Rivers, groundwater, and earthquakes leave traces of gravity
Satellite gravimetry can detect even minute variations in water distribution, such as the volume of water in river basins. As seen by these measurements, the Amazon and the Zambezi both seem to be growing heavier or wetter. However, the findings suggest groundwater exploitation for agricultural reasons in California, the Middle East, and northern India. The gravity decreases when the water evaporates after being pushed out.

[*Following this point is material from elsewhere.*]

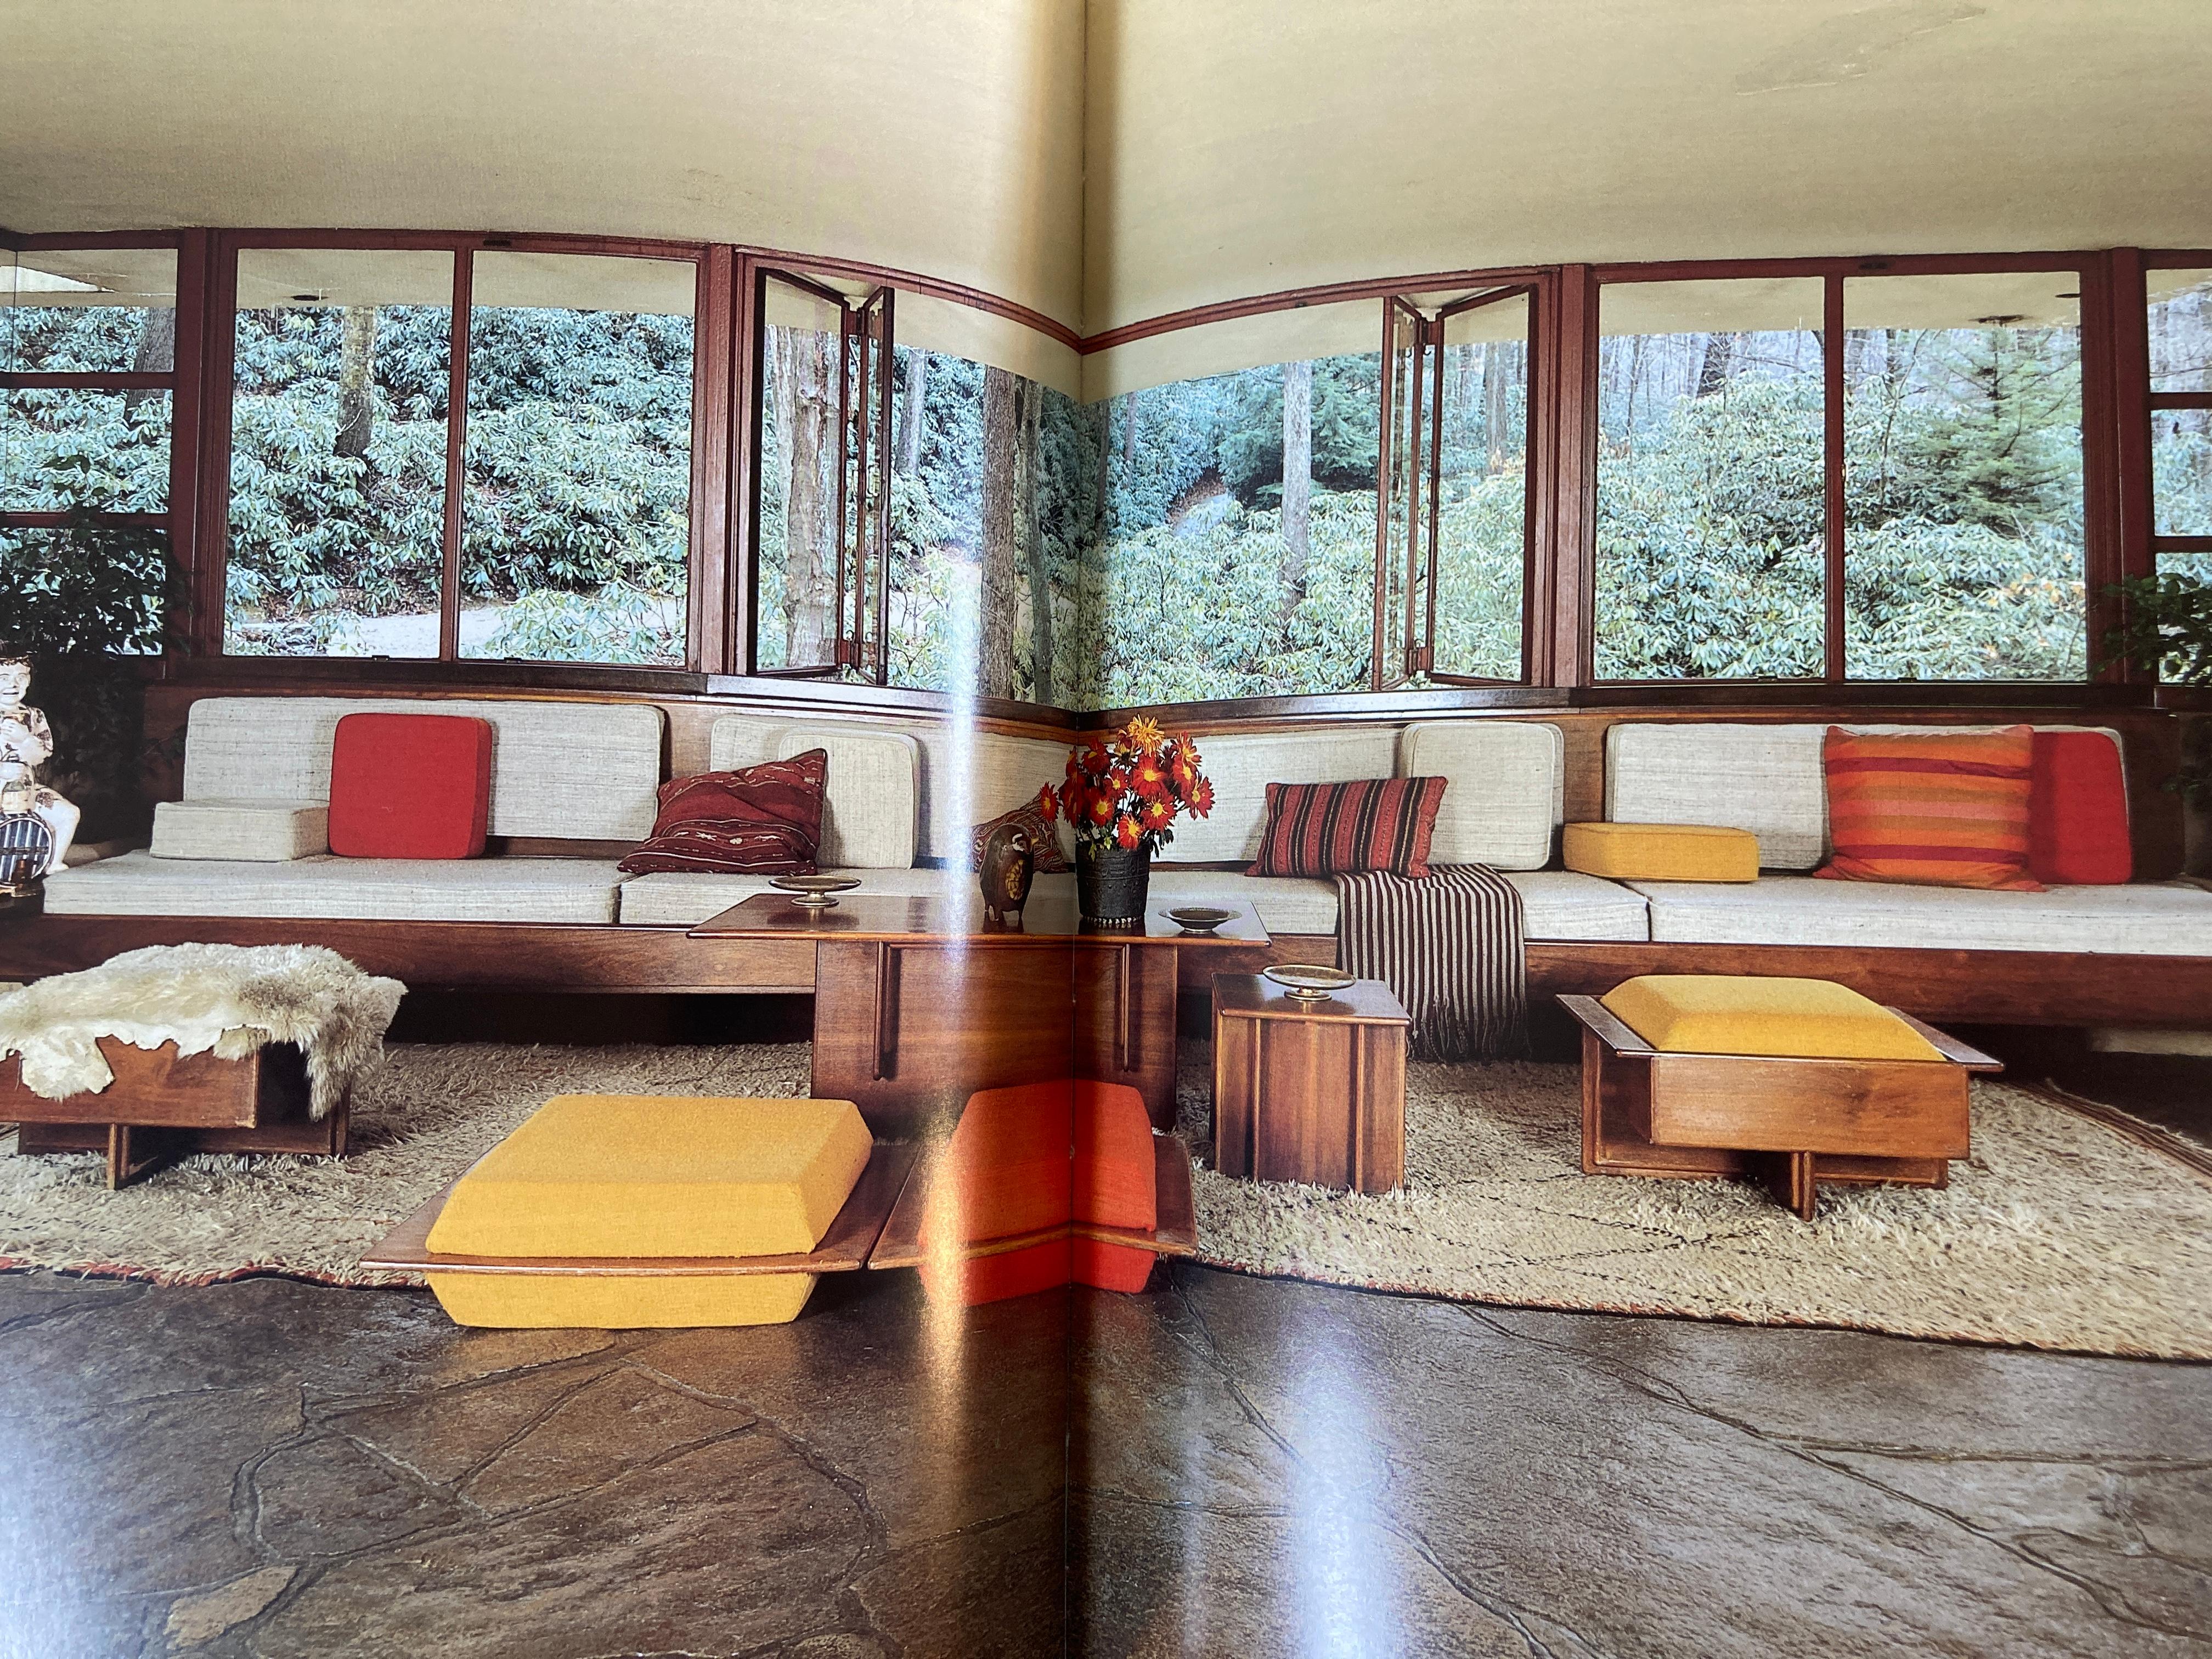 Fallingwater A Frank Lloyd Wright Country House by Edgar Kaufmann Book, 1986 In Good Condition For Sale In North Hollywood, CA

For instance, the shift in the Earth’s gravitational field due to the massive earthquake that struck Sumatra and the Andaman Islands in 2004 was quite intriguing. It was a sudden shift in the gravitational pull. This jump was reflected on the map because of the magnitude of the mass shift. It demonstrated that satellite-based gravity field changes are of interest to geophysicists in addition to hydrologists and ice scientists.